An obvious example of an operation that goes wrong in these situations is the length operator. If you use UTF-8, Chinese characters are going to each report a length of 3, while in UTF-16, astral characters will each report a length of 2. Think this doesn’t matter? What about Twitter? On Twitter, you have to type messages into 140 characters. That’s 140 characters, not 140 bytes. Imagine if Twitter ate up three “characters” every time you hit a key (if you spoke Chinese, for example). Fortunately, Twitter does it correctly, even for astral characters. I just tweeted the following:

𝐓𝐰𝐢𝐭𝐭𝐞𝐫 𝐬𝐮𝐩𝐩𝐨𝐫𝐭𝐬 𝐚𝐬𝐭𝐫𝐚𝐥 𝐜𝐡𝐚𝐫𝐚𝐜𝐭𝐞𝐫𝐬 — 𝐞𝐚𝐜𝐡 𝐨𝐧𝐞 𝐜𝐨𝐮𝐧𝐭𝐬 𝐚𝐬 𝐚 𝐬𝐢𝐧𝐠𝐥𝐞 𝐜𝐡𝐚𝐫𝐚𝐜𝐭𝐞𝐫. 𝐈𝐭’𝐬 𝐧𝐨𝐭 𝐭𝐡𝐞 𝐬𝐢𝐳𝐞 𝐨𝐟 𝐭𝐡𝐞 𝐭𝐰𝐞𝐞𝐭 𝐭𝐡𝐚𝐭 𝐜𝐨𝐮𝐧𝐭𝐬, 𝐢𝐭’𝐬 𝐡𝐨𝐰 𝐲𝐨𝐮 𝐮𝐬𝐞 𝐢𝐭.

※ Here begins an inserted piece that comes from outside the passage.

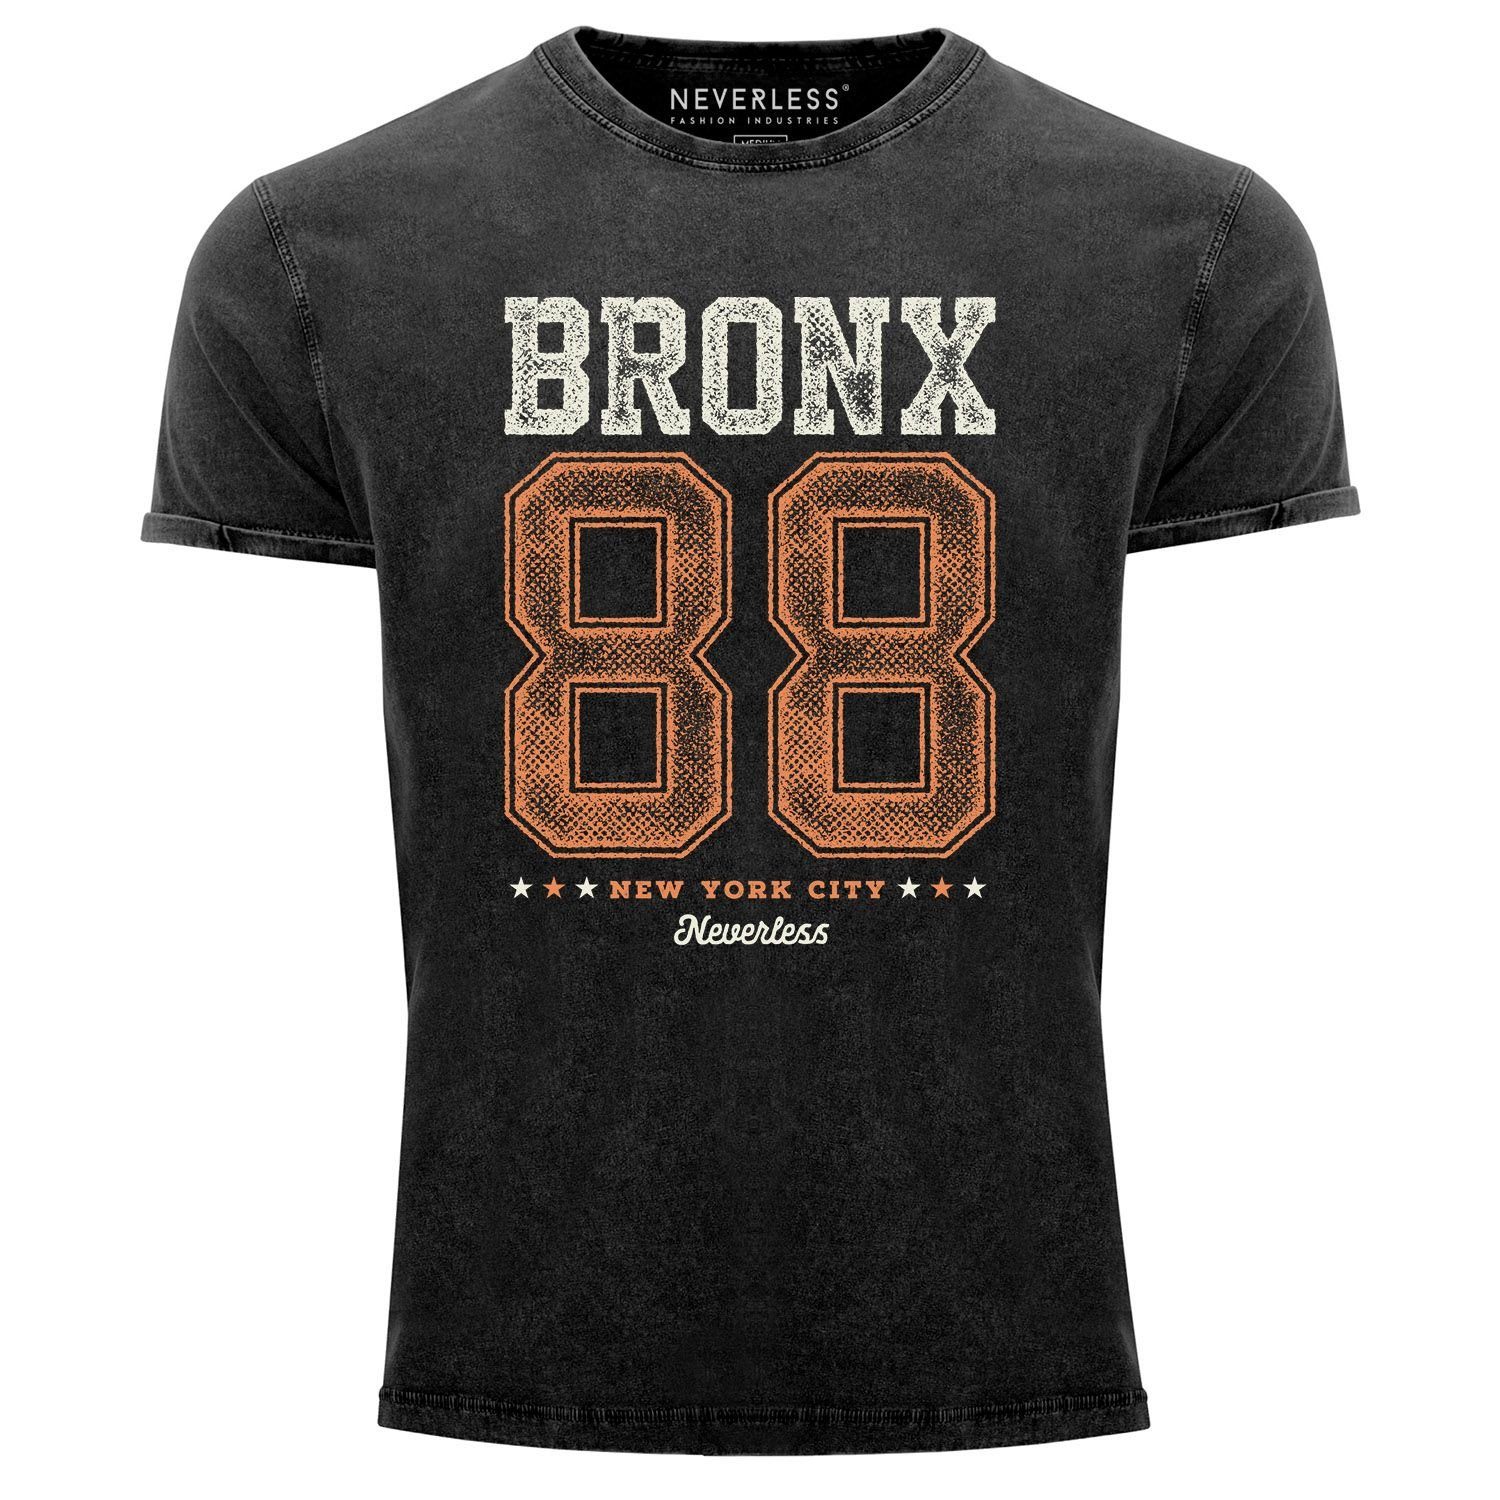 Neverless Print-Shirt Neverless® Herren T-Shirt Vintage Shirt Printshirt Bronx 88 New York City Aufdruck Used Look Slim Fit mit Print
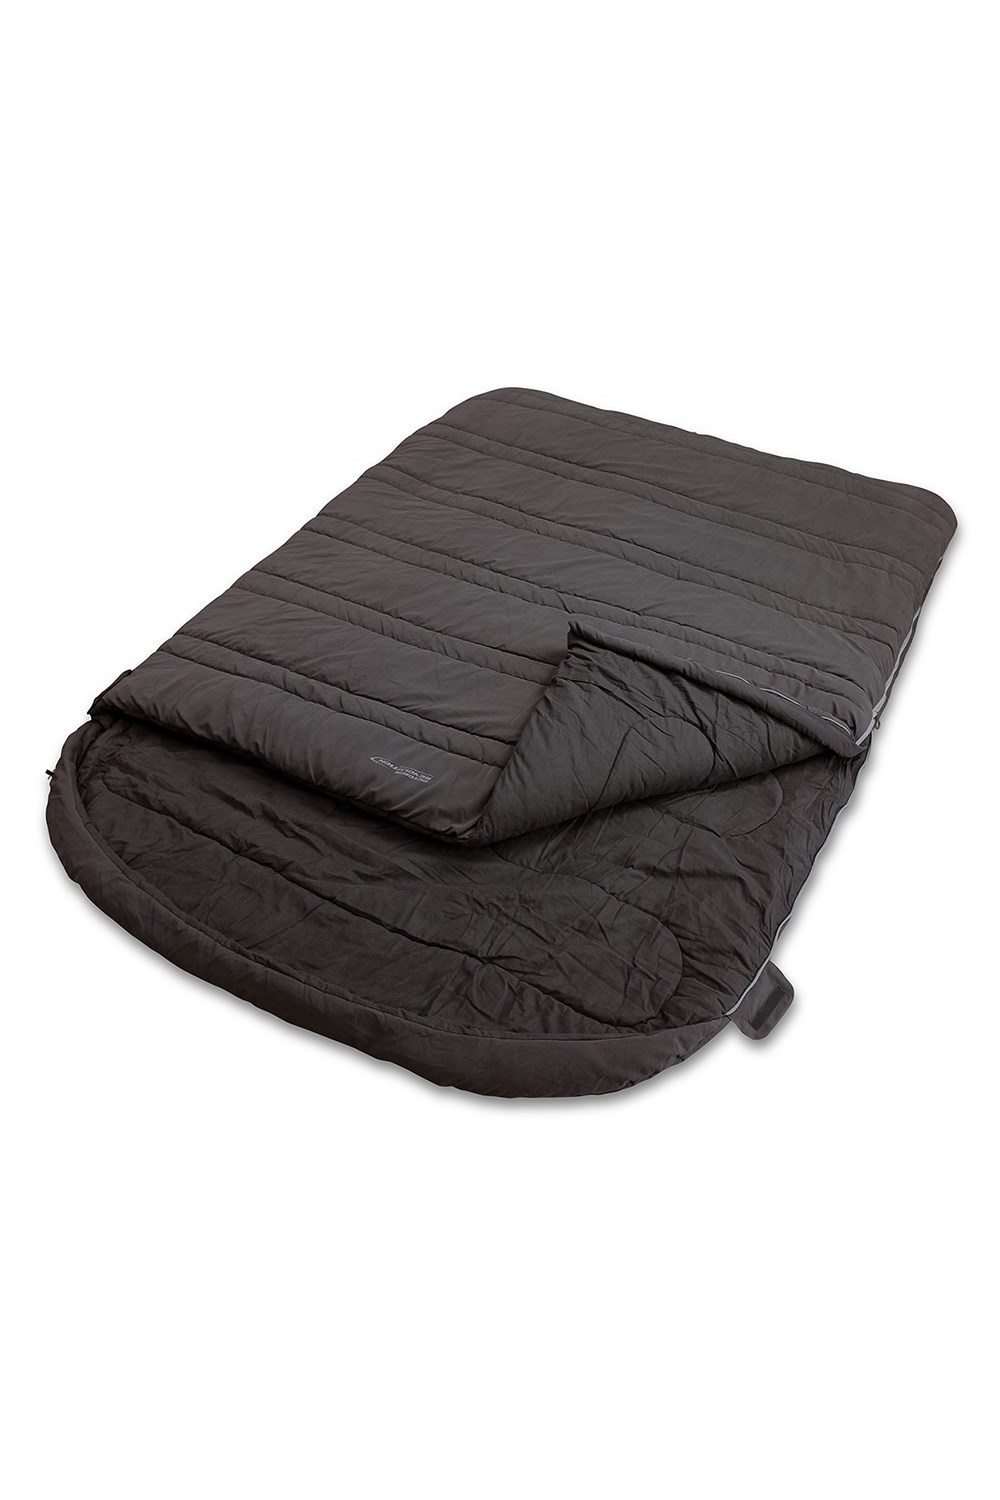 Star Fall King Sleeping Bag 400 + 2 Pillow Cases -

Notice that the text is unusually bold — these are no ordinary letters. They are MATHEMATICAL BOLD letters, which are astral characters. For example, the ‘𝐓’ is U+1D413 MATHEMATICAL BOLD CAPITAL T. The tweet contains exactly 140 characters — 28 ASCII, 3 in the basic multilingual plane, and 109 astral. In UTF-16, it comprises 249 code units, while in UTF-8, it comprises 473 bytes. Yet it was accepted in Twitter’s 140 character limit, because they count characters. I would guess that Twitter’s counting routines are written in both Scala and JavaScript, which means that in both versions, the engineers would need to have specially considered surrogate pairs as a single character. Had Twitter been written in a more Unicode-aware language, they could just have called the length method and not given it another thought.

Let’s quickly look at the way Tomboy (a note taking app written in C# on the Mono/.NET platform) loads notes from XML files. I discovered a bug in Tomboy where the entire document would be messed up if you type an astral character, save, quit, and load. It turns out that one function is keeping an int “offset” which counts the number of “characters” (actually code units) read, and passes the offset to another function, which “returns the location at a particular character offset.” This one really means character. Needless to say, one astral character means that the character offset is too high, resulting in a complete mess. Why is it the programmer’s responsibility to deal with these concepts?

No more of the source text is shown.